- Theatrical release poster
- Directed by: Chuck Martinez
- Written by: Paul Harris
- Produced by: Douglas Curtis
- Starring: Barbara Harris Michelle Meyrink William O'Leary Wallace Shawn James Nardini
- Cinematography: Stephen M. Katz
- Edited by: Wende Phifer Mate
- Music by: Brian Banks Anthony Marinelli
- Distributed by: New World Pictures
- Release date: April 3, 1987;
- Running time: 92 minutes
- Country: United States
- Language: English
- Box office: $$65,000

= Nice Girls Don't Explode =

Nice Girls Don't Explode is a 1987 American independent comedy film produced by Douglas Curtis, directed by Chuck Martinez, and starring Barbara Harris, Michelle Meyrink, William O'Leary, Wallace Shawn, and James Nardini. The film was released by New World Pictures.

==Plot==
April Flowers (Michelle Meyrink) is kept away from boys by her overprotective mother (Barbara Harris) because flames have a tendency to spontaneously erupt whenever her hormones are aroused; for April, "protection" on a dinner date is carrying a fire extinguisher. As her mother explains, April is a "fire girl," whose very unstable body chemistry causes spontaneous combustion when she is aroused. As such, the only men April meets more than once are firefighters.

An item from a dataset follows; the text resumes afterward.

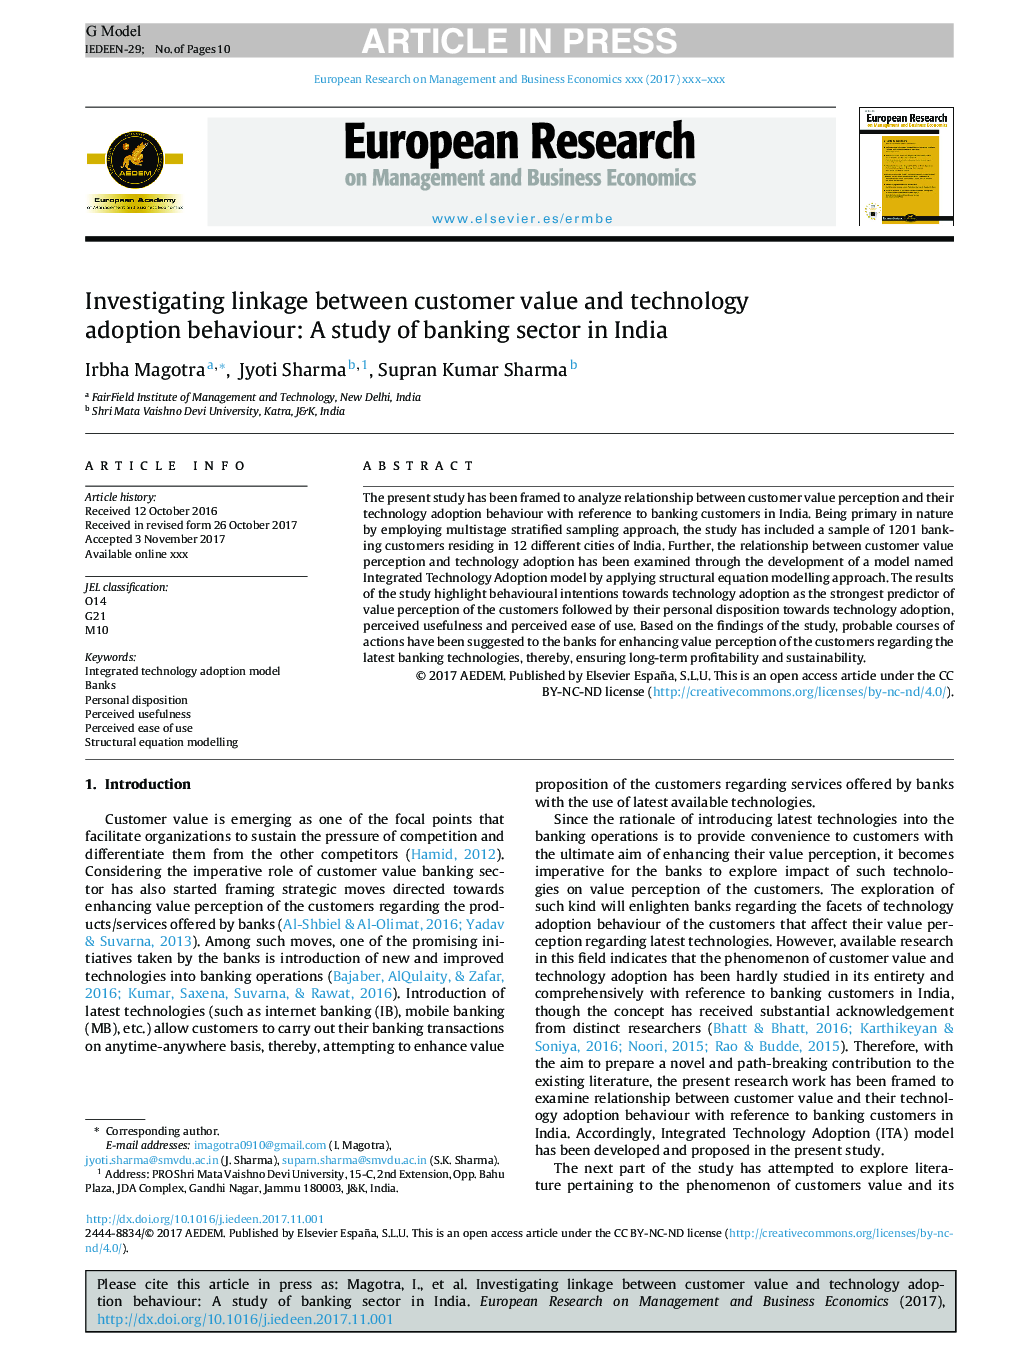 بررسی ارتباط بین ارزش مشتری و رفتار پذیرش فناوری: مطالعه در مورد بخش بانکی در هند

When April reconnects with Andy (William O'Leary), a former neighbor who has returned to April's life, he challenges April's and her mother's assumption and presses his luck to prove to her that her hormones are not, in fact, explosive. Hijinks result; as Andy tries to prove his point, he is thwarted at every turn by April's mother. Further complications ensue when April befriends a lonely, obsessive pyromaniac named "Ellen" (Wallace Shawn), who becomes incensed at the constant mishearing of his real name "Ellen" for "Helen," after which he throws Bic lighter flicking snits, trying to set his tormentors ablaze.

==Cast==
- Barbara Harris as Mom
- Michelle Meyrink as April Flowers
  - Margot Gray as Little April Flowers
- William O'Leary as Andy
  - Jonas Baughman as Little Andy
- Wallace Shawn as Ellen
- James Nardini as Ken
- Belinda Wells as Girl In Park
- Irwin Keyes as Cocker
- William Kuhlke as Dr. Stewart
- Johnnie 'Mac' McHaynes as Nick
- Zachery 'Zach' Carey as Rudy
- Holmes Osborne as Dick
- Peggy Freisen as Tracy
- Richard Kawecki as Guard 1
- Daryl Champine as Guard 2
- Eleanor Joy Lind as Nurse
- Brent Wright as Eugene
- Rick L. Stevens as Todd
- Jack Wright as Maitre’d
- Jean E. Crupper as Aerobics Instructor
- Michelle A. Austin as Girl in Aerobics Class
- Jess Paul, Jr. as Chineses Ping Pong Champ
- Paul Stephen Lim as Chinese Dad
- Orange Cat #5 as Fluffy
- Eric the Cat as Fluffy Stunt Double

==Production==
Part of the film was shot in the cities of Lawrence, Kansas, Ottawa, Kansas, and Overland Park, Kansas.

==Box office==
Nice Girls Don't Explode had a domestic box-office total of only $65,000.